Holy cow I've neglected this place! Eeps! 

Time is seriously whooshing past And I'm in serious denial. Think about this: I am due to have the third baby June 4. That is in less than three months. The doctors swear up and down there's no way in hell I'm making it to my due date so I'm hoping that really means I'll only be a couple of days late instead of a week or so like with Eldest and Daughter. Either way, Daughter's second birthday is going to have to be celebrated a couple of months late. I'm making it up by putting her party together with Eldest in August and I think I'm going to do it at the Little Farm in the Redlands. She really loves animals and so does Eldest and I think it's something different. I'm nervous about the weather but I'll take a chance. 

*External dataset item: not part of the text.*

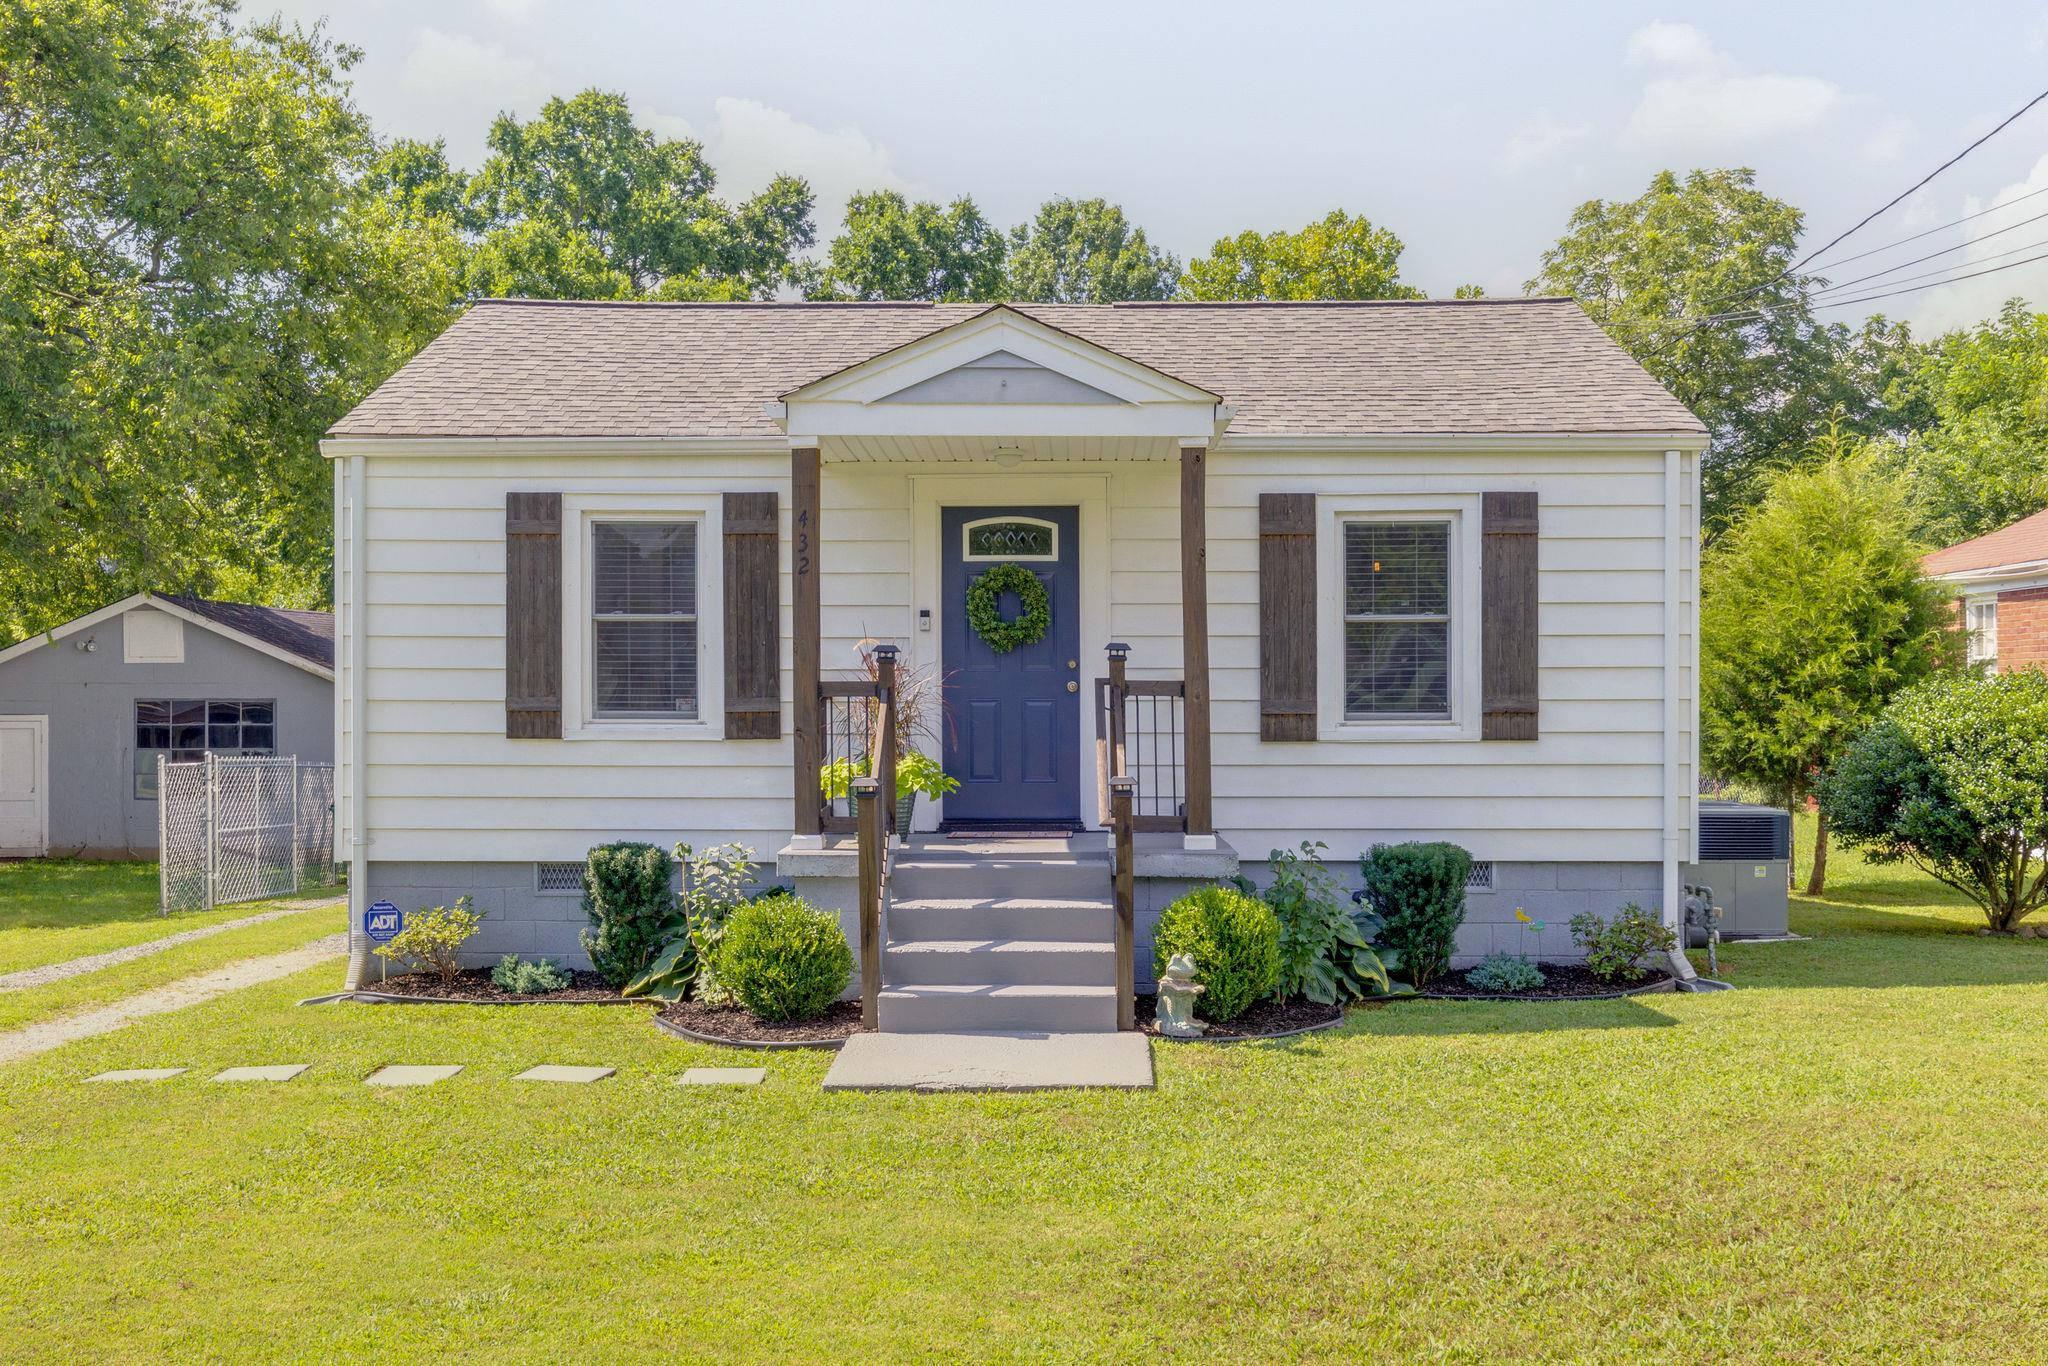 432 Emmitt Ave, Madison, TN 37115 - Madison, TN real estate listing

Work has been good. I think it's been calming down a lot as I've gotten bigger. Maybe people take pity on me or something? I got a little frantic a couple of weeks ago when we went VOIP and we're still ironing out little bugs here and there and I'm having to slowly but surely wean people off coming to me for an answer instead of our Telecom Support department. 

Kids have been awesome. It's crazy how your heart swells up to bursting about a million times a day and I'm not even home with them all day long. Daughter's first full sentence was on March 6, 2008. It was "I want Daddy" and she said it twice while I was rocking her before bedtime and he'd left the room. He of course did not believe me but the next day it was "I want [insert word here]". Her favorite thing to say is "I want cookie". Eldest is such a seriously cool kid. He's smart as hell and laid back. He has food issues that are really frustrating some times. I'm wondering how he's feeling about the baby. I don't think he knows himself. He gets really excited some times, especially because he wants it to be a boy real real real bad and he's convinced it's a boy. And then other times, like just the other day, he'll burst into a tantrum and shout "I don't want another baby! It's too much work!" Which shatters my poor heart into trillions of pieces. I know we rely on him so much and it's really easy to forget that he's not even five yet. He says "supercalifragilisticespialidocious" and uses "extraordinarily" in sentences properly and it's just HARD to forget he's so young. I see the kids in his class and it hits me like a freight train. He's a baby still. And we are tough on him. Push him and expect so much. Too much? We try and take deep breaths and just remember he's so little. Some things should be ok to slide.

I love hate the stupid fucking dog. He's really good with the kids despite the fact he growled and nipped at Eldest this weekend (he was trying to get to plate of food Daughter left on the end table and Eldest said "Down!" he turned and growled and nipped him). Eldest's room has been reeking of piss but I thought it was from the accident he had in bed the other night. I was in his room and saw a tiny puddle by the giant toy box. I cleaned and cleaned but it still stunk. I shoved the toybox to the side to make sure I'd gotten all of it and found a huge pudddle of piss. So bad it actually ruined our floor (the laminate has completely bubbled up around the seams). Every time I moved the toy box piss smeared more and more. It was horrible. All I wanted to do was come home early (had the day off to take Eldest to a field trip), put us both down for a nap, and enjoy the day. Now I'm mopping up piss a dog I'm still mad at has apparently been depositing every time he went to Eldest's room. I got as much as possible mopped up (toy box too heavy for me to really get under and clean), opened a window, put Eldest into bed, and came out, tripped over the bucket and spilled the enitre bucket of clorox and hot water all over the hallway. I think that's when I started crying. Got everything mopped up. Took a nap. When I woke up a couple of hours later, I'd missed a call from Daughter's daycare. She was running a fever. 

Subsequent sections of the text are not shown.